Saturday, February 15, 2014

On being critical, and the risk of burning out.

I enjoyed Josh Braegger's short essay: 5 Ways To Burn Out Programming.

I was particularly interested in this part:

It's really easy to fall into the "being critical" trap. It's easy to tell other people what the "wrong" choice is. I imagine it's because as software engineers, our job is to find faults in our applications and fix them. And if we don't find them, someone else finds them for us.

But I don't think we need to be negative about our job, decisions that are being made (even if it's not our decision) and what we're working on. Some of the best projects I've worked on worked out that way because we had a great, positive team. We enjoyed showing up every day to work, told each other when we did awesome things, held back heavy-handed criticism and phrased it in a productive manner.

I think this is a fine line, but absolutely one worth dwelling on.

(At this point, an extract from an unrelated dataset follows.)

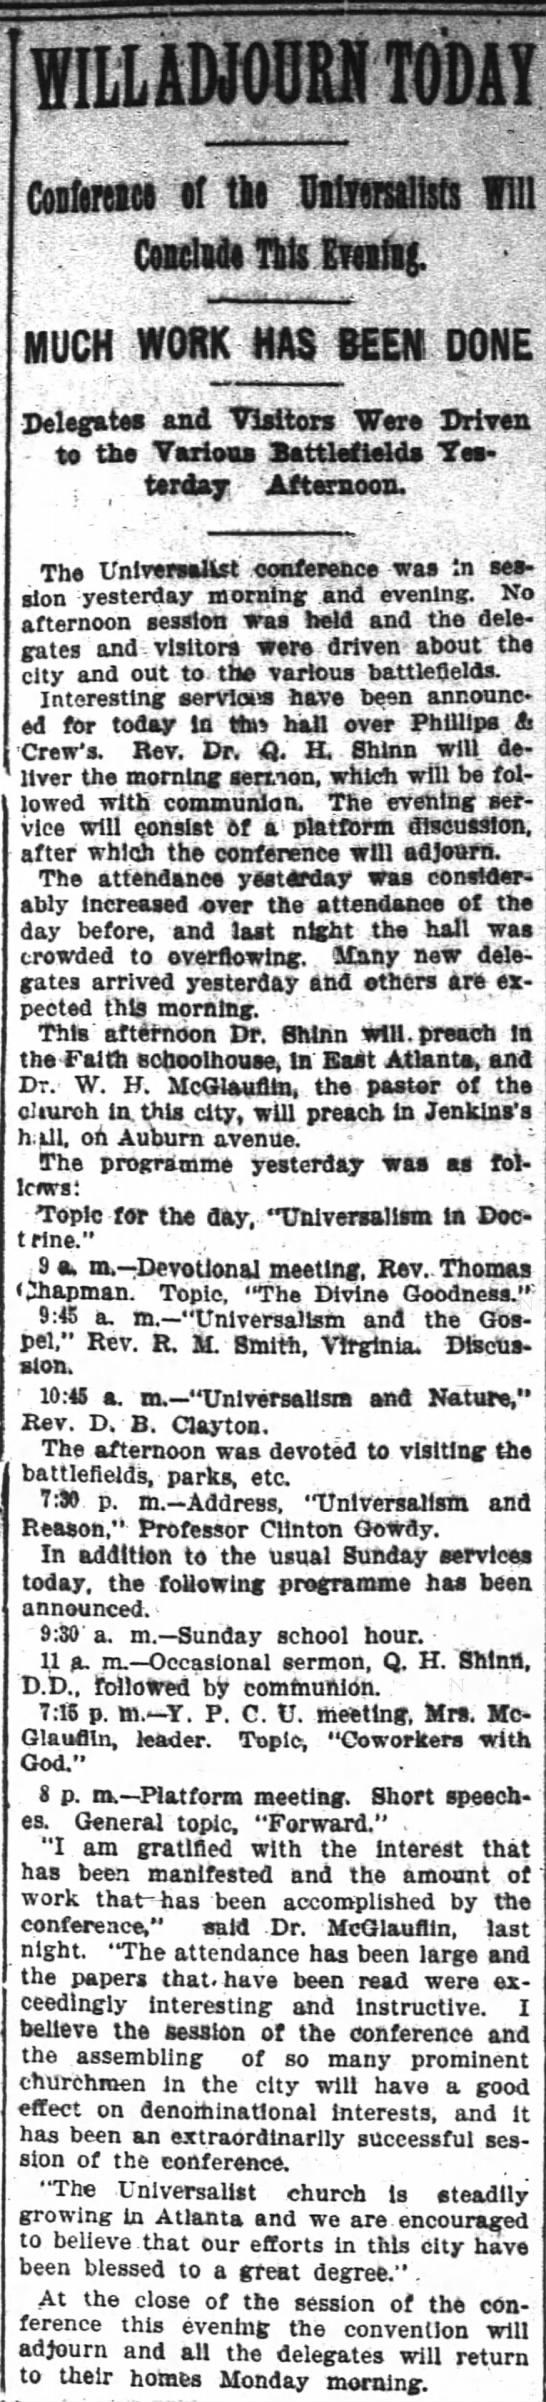 1896.10.25 Universalist Conference Concludes -

One the one hand, the value of a workplace full of positive energy, respect, cooperation, and dignity is incalculable. I think it's well-put by the Perforce commandments:

P4 Commandments -- Values we work by

* We have high standards.
* We are straightforward.
* We rise to responsibility.
* We like work we can be proud of.
* We like to hear what we've done.
* We value both people skills and job skills.
* We treat each other with dignity and respect.
* We are one team. We are not in competition with each other.
* We talk and listen. We like feedback.
* We appreciate creative and practical solutions. There might be
  a better way.
* We appreciate people for who they are.
* Fun is always an option. It is not mandatory.
* These are the best years of our lives.

Yet, software engineering definitely attracts obsessive, detail-oriented perfectionists. If you aren't passionate about every little crook and cranny of your project, things fall apart quick. Software is hard enough to build in the best of cases; if you don't obsess over it, if you don't demand the utmost from it, if you don't poke at it and tear it apart and rip into it, the result isn't worth squat.

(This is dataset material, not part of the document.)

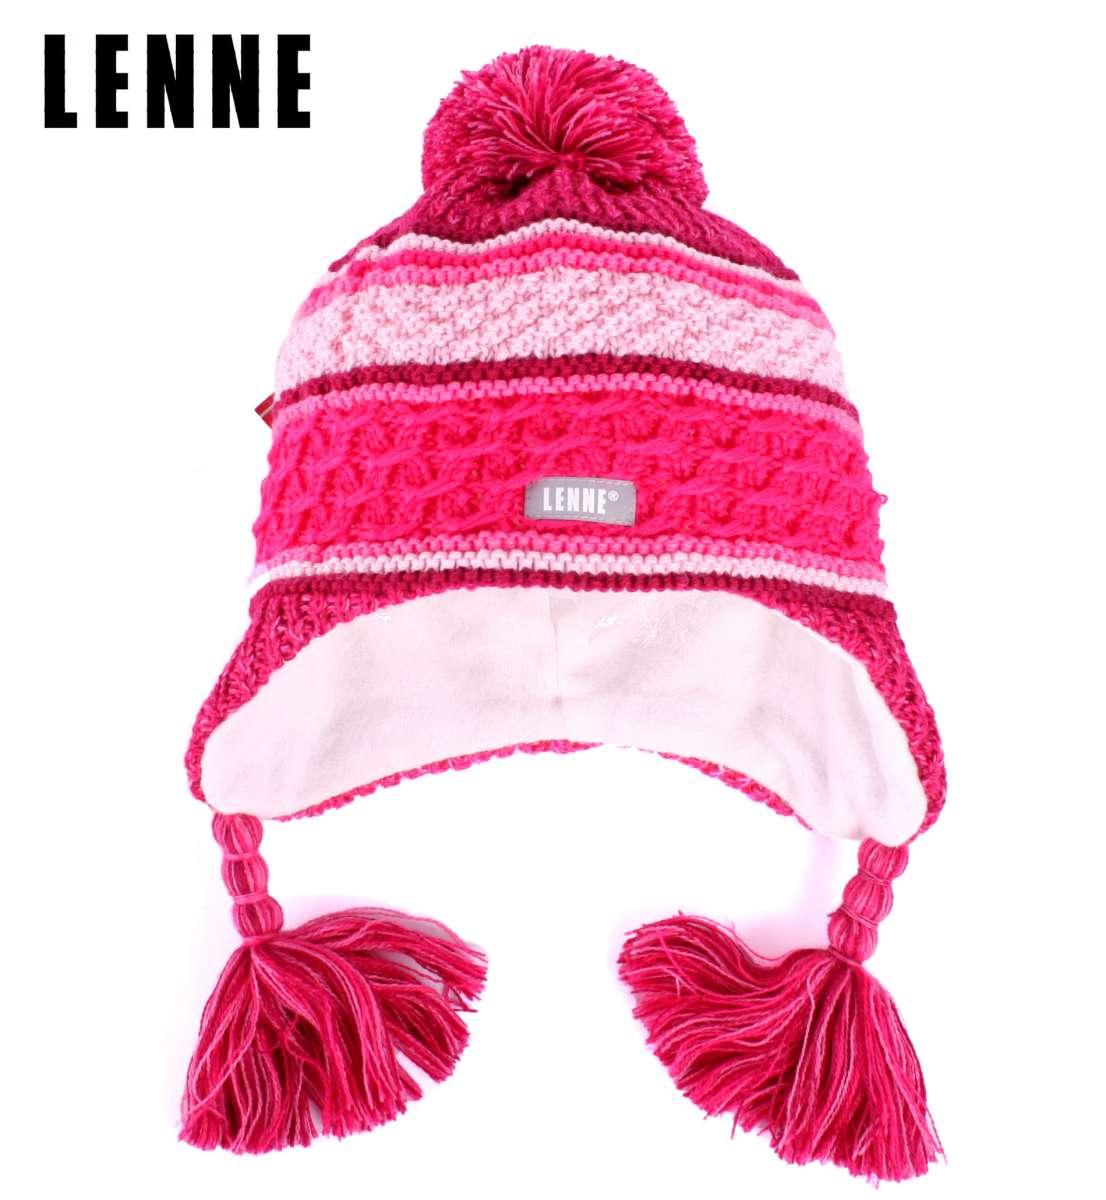 Lenne Knitted Hat Pauly Mazuļu siltā ziemas cepure

But there's definitely a difference between being critical of the software, and being critical of the people. Two of the most challenging things you will face as a software engineer are:

  1. Learning how to be critical of the work, without being critical of the worker.
  2. Learning how to receive a criticism of your work, without taking it as a criticism of yourself.
I suspect that most people find that the second one is markedly harder than the first.

Some of the most exciting, enjoyable, and illuminating times in my software career have involved working with people who "don't suffer fools gladly." Ask a stupid question, and they'll let you know. Make a poor design choice, and they'll let you know. Phrase a line of code poorly, and they'll let you know.

But, time and again, these are the people I most value, and most seek out. My life is short; the amount remaining to learn is large; and, as my old friend Walt used to say, "if you aren't struggling, you aren't learning."

So, go ahead and be a perfectionist. Strive to write the best software you possibly can.

But don't think you're there yet. Did you just write some software? Well, there's a mistake in it. I guarantee it. Go back, and look at it again; write another test; show it to somebody else; run a checker over it. Be as critical as you possibly can about that code, just remember that the person who wrote it is a human being, and the code is the code.